Seth Godin’s most recent book, Poke the Box, released in the wild recently. I finished reading it on my flight back from California, and I’ll share my highlights later this week. In the meantime, I caught up with Seth this weekend, and we discussed the new book. Here’s the interview:
TONY: What’s the big idea behind Poke the Box?
SETH: Initiative is taken, it’s not given, and it’s the scarcest resource in most organizations. Individuals who choose to initiate are priceless.
TONY: Why do you think people are so comfortable waiting for orders?
SETH: Total deniability! If someone else gives the instructions, well, then it can’t be your fault, can it?
TONY: What’s one thing leaders could do differently to get their teams to initiate change?

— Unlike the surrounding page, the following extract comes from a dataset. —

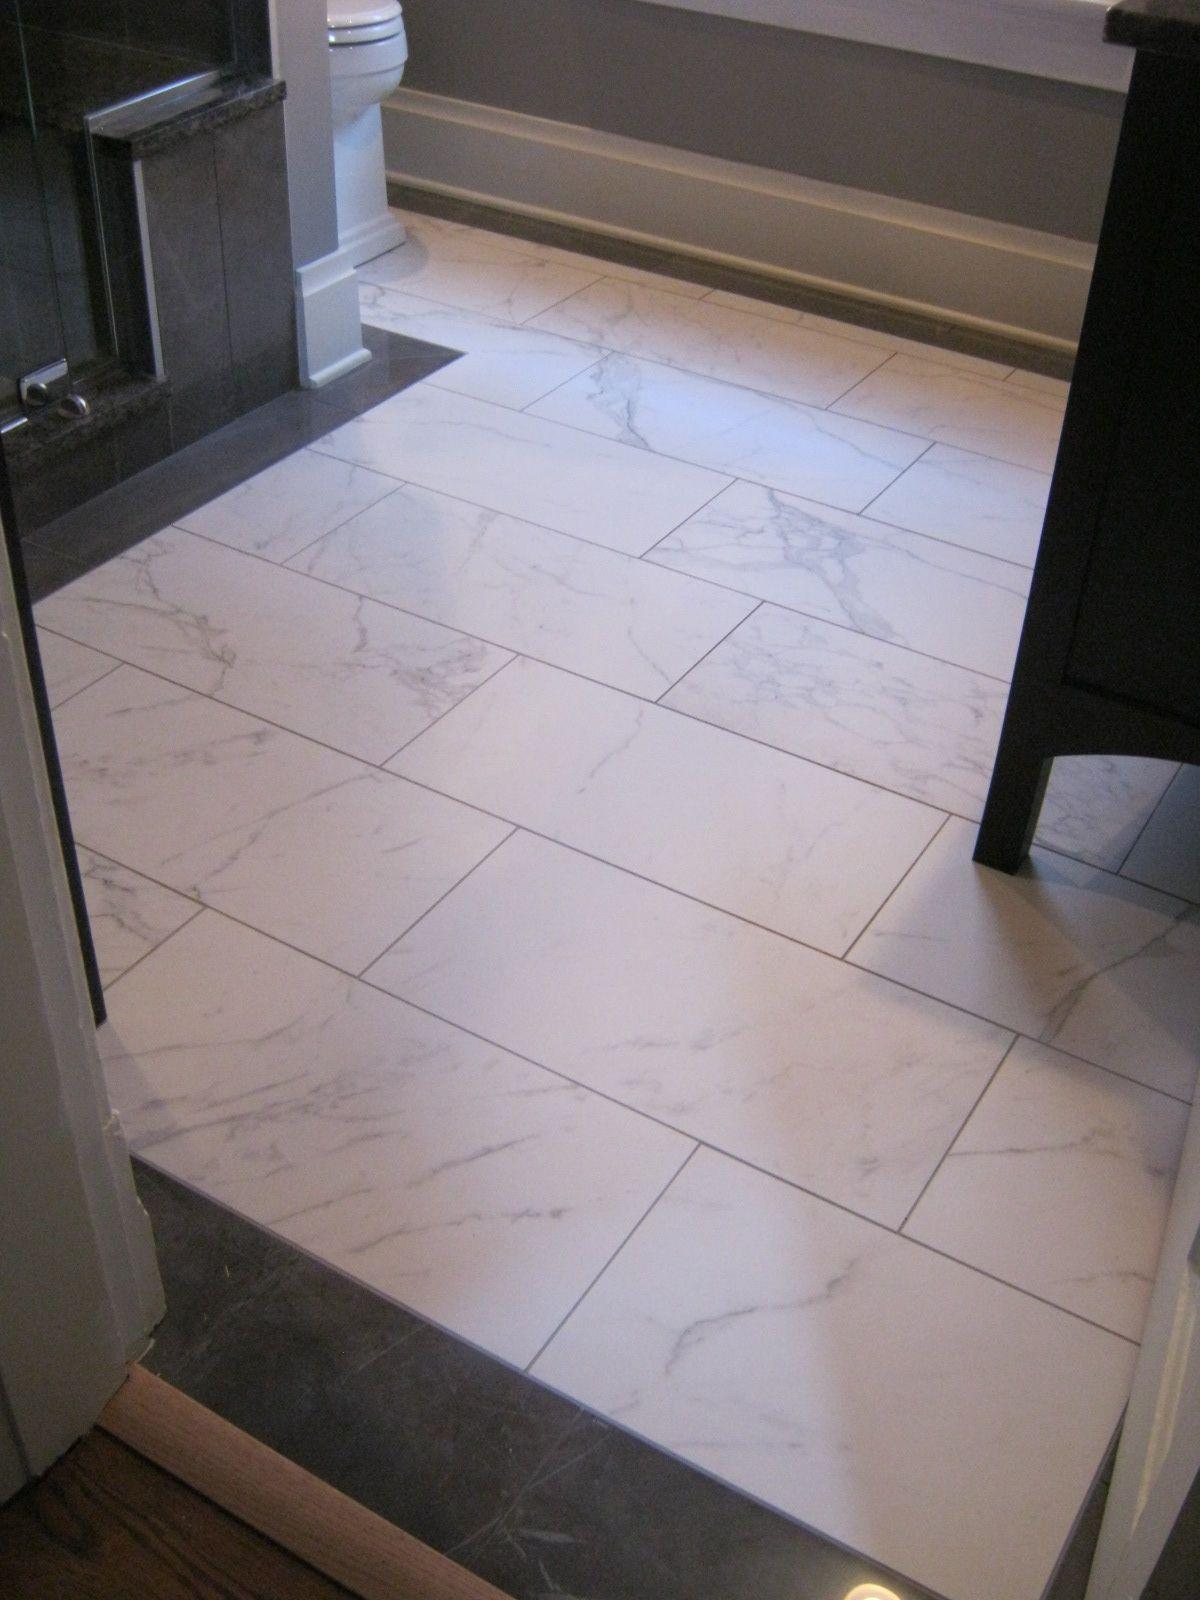 Atlas Marvel Floor Tile Detail Of German Village Bathroom Remodel In Columbus Ohio Designed By Monica Miller Ckd Cbd Cr J S Brown Co

SETH: This is the hard one, Tony. What leaders have to do is seek out and embrace (and possibly reward) smart failure. If you’re not willing to fail, you have no chance to succeed.
TONY: I’m familiar with organizations that routinely listen to the preferences of their current “customers.” They like to keep things the way they’ve always been. If the current “customers” pay the bills, isn’t it a little dangerous to “poke the box”?

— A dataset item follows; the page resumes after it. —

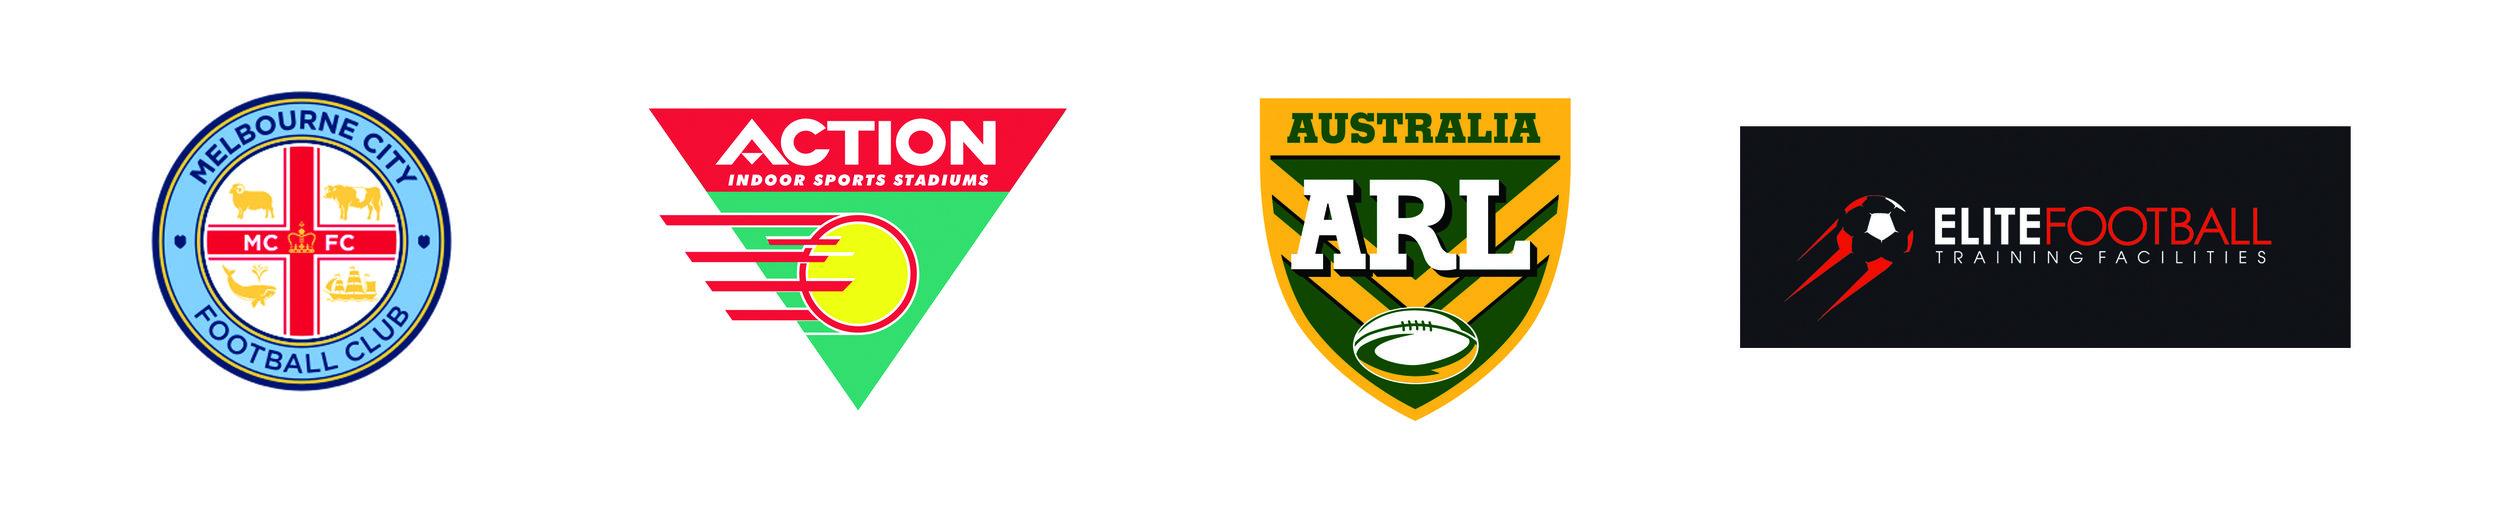 Sport - 2 - All services - new logos.jpg

SETH: If you don’t want to grow, there’s absolutely nothing wrong with this. Unless you’re in the record business, have a Web site, want to get elected, raise more money for your charity, or attract smart talent. In those cases, there’s so much demand for change that if you’re not changing, you’re falling behind.
TONY: How do you discipline your life to model this principle?
SETH: The lizard brain, that voice that tells each of us to cool it, back off, and lie low–that’s my compass. When I hear the lizard squawk, that’s when I know I’m on to something!
We need more people to take initiative in the Church.